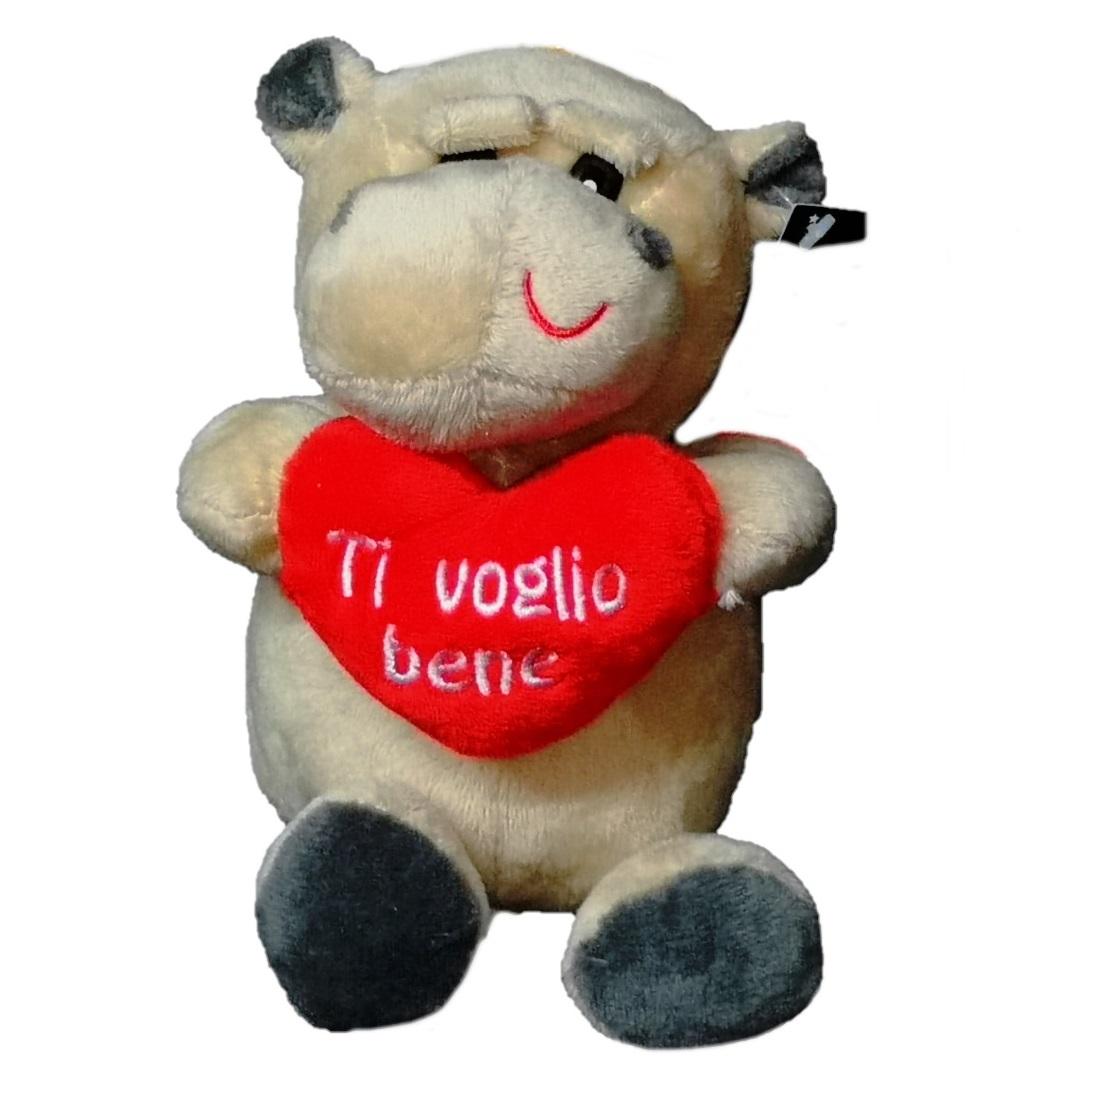 7140a San Valentino The Cartoon World Peluche Ippopotamo San
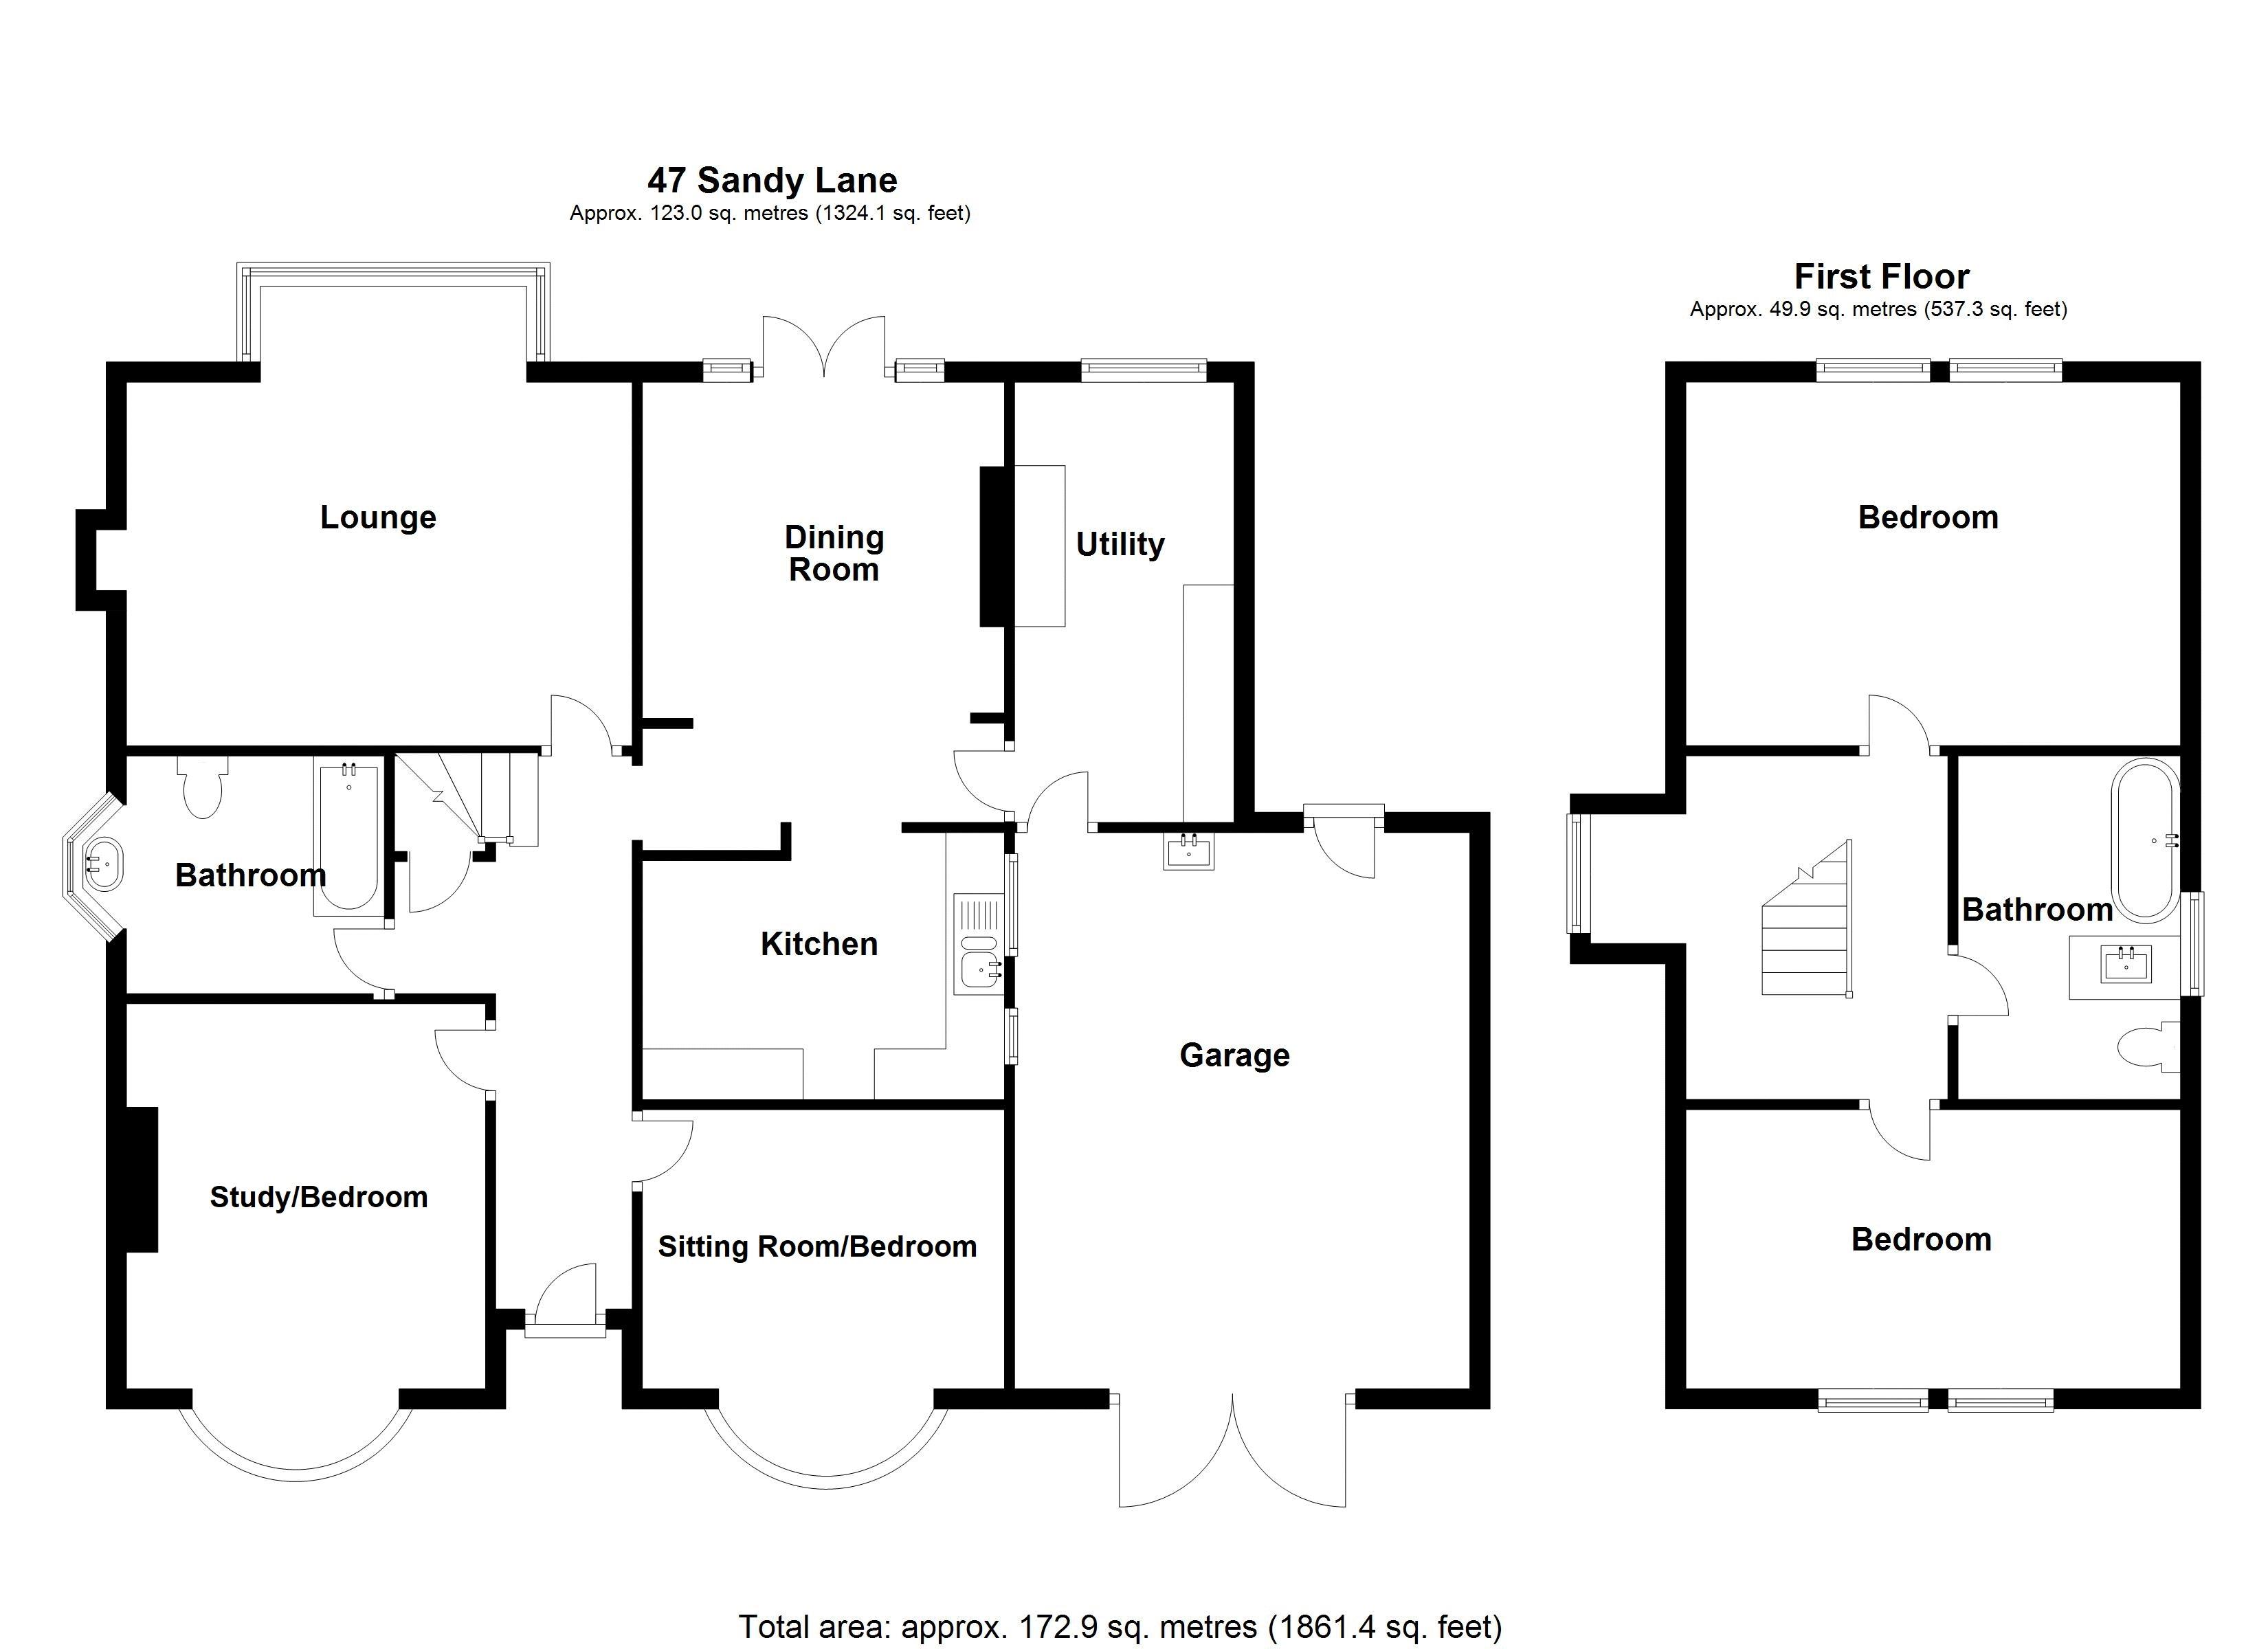 Floor Plan - Main House
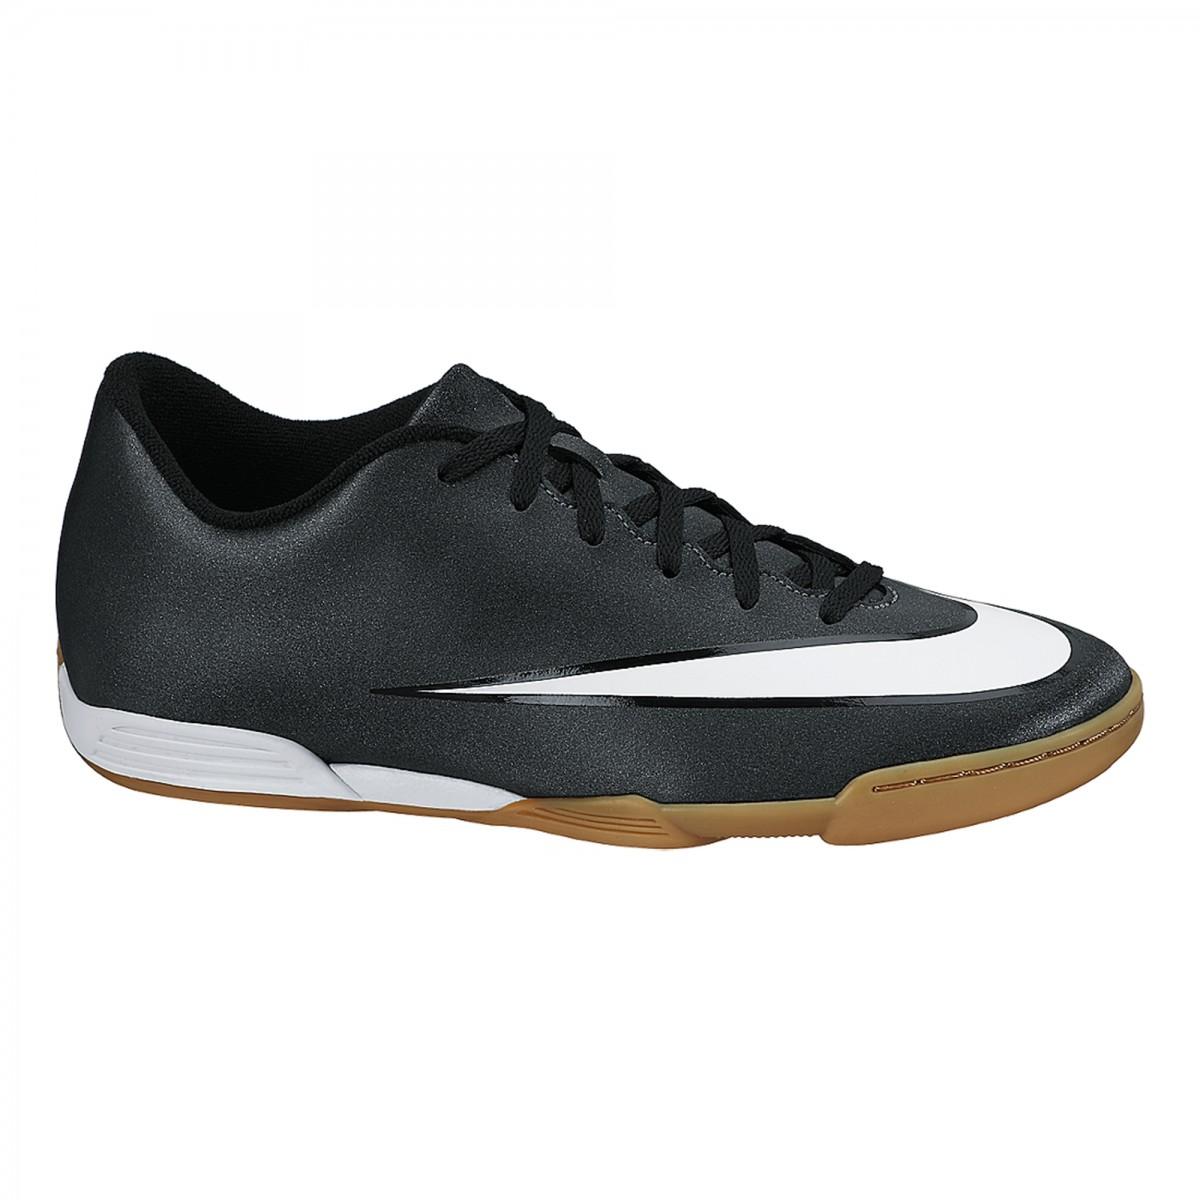 7bdcef9ad7 Bizz Store - Chuteira Futsal Nike Mercurial Vortex II Cristiano Ronaldo
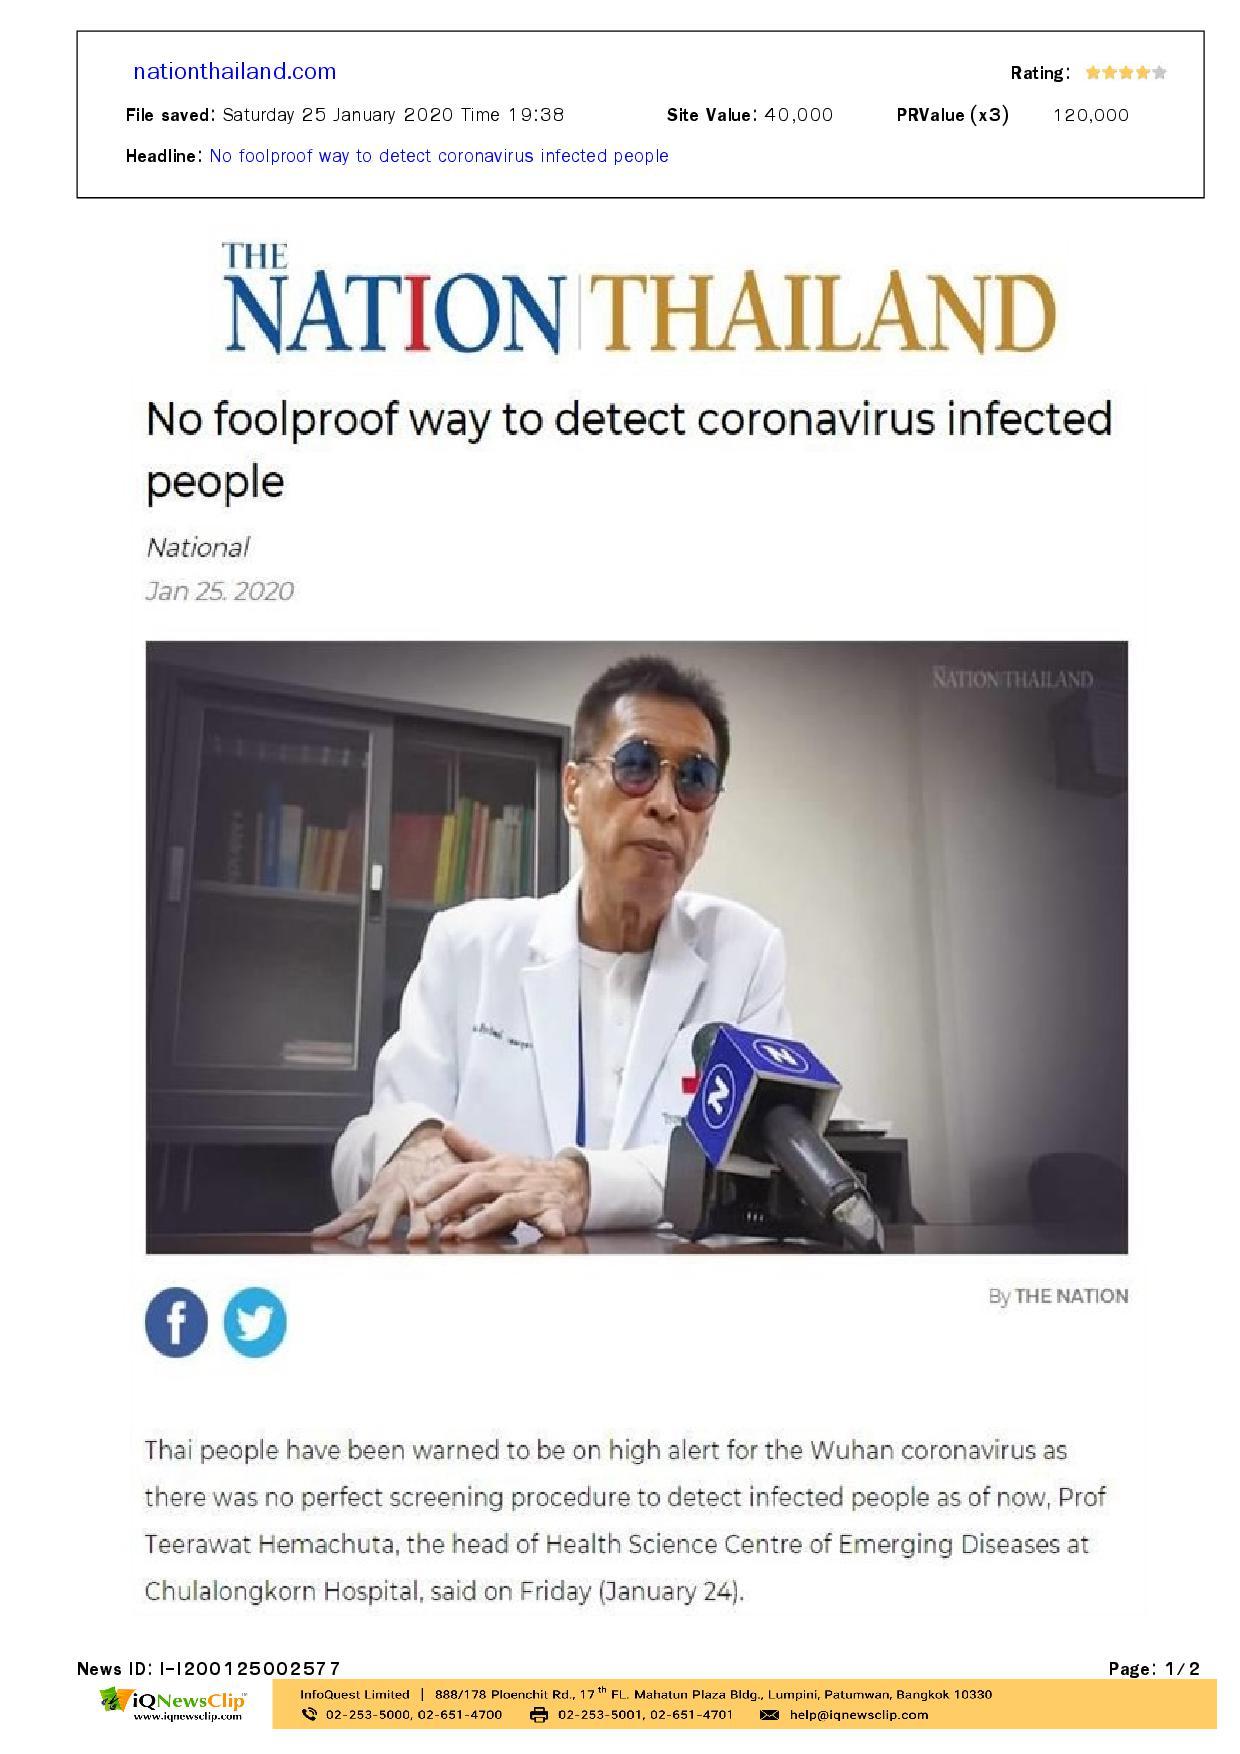 No foolproof way to detect coronavirus infected people

Work required: Each line of the listing above should be retyped exactly, with no pictures.

Answer below:
 7140a San Valentino The Cartoon World Peluche Ippopotamo San
 Floor Plan - Main House
 7bdcef9ad7 Bizz Store - Chuteira Futsal Nike Mercurial Vortex II Cristiano Ronaldo
 No foolproof way to detect coronavirus infected people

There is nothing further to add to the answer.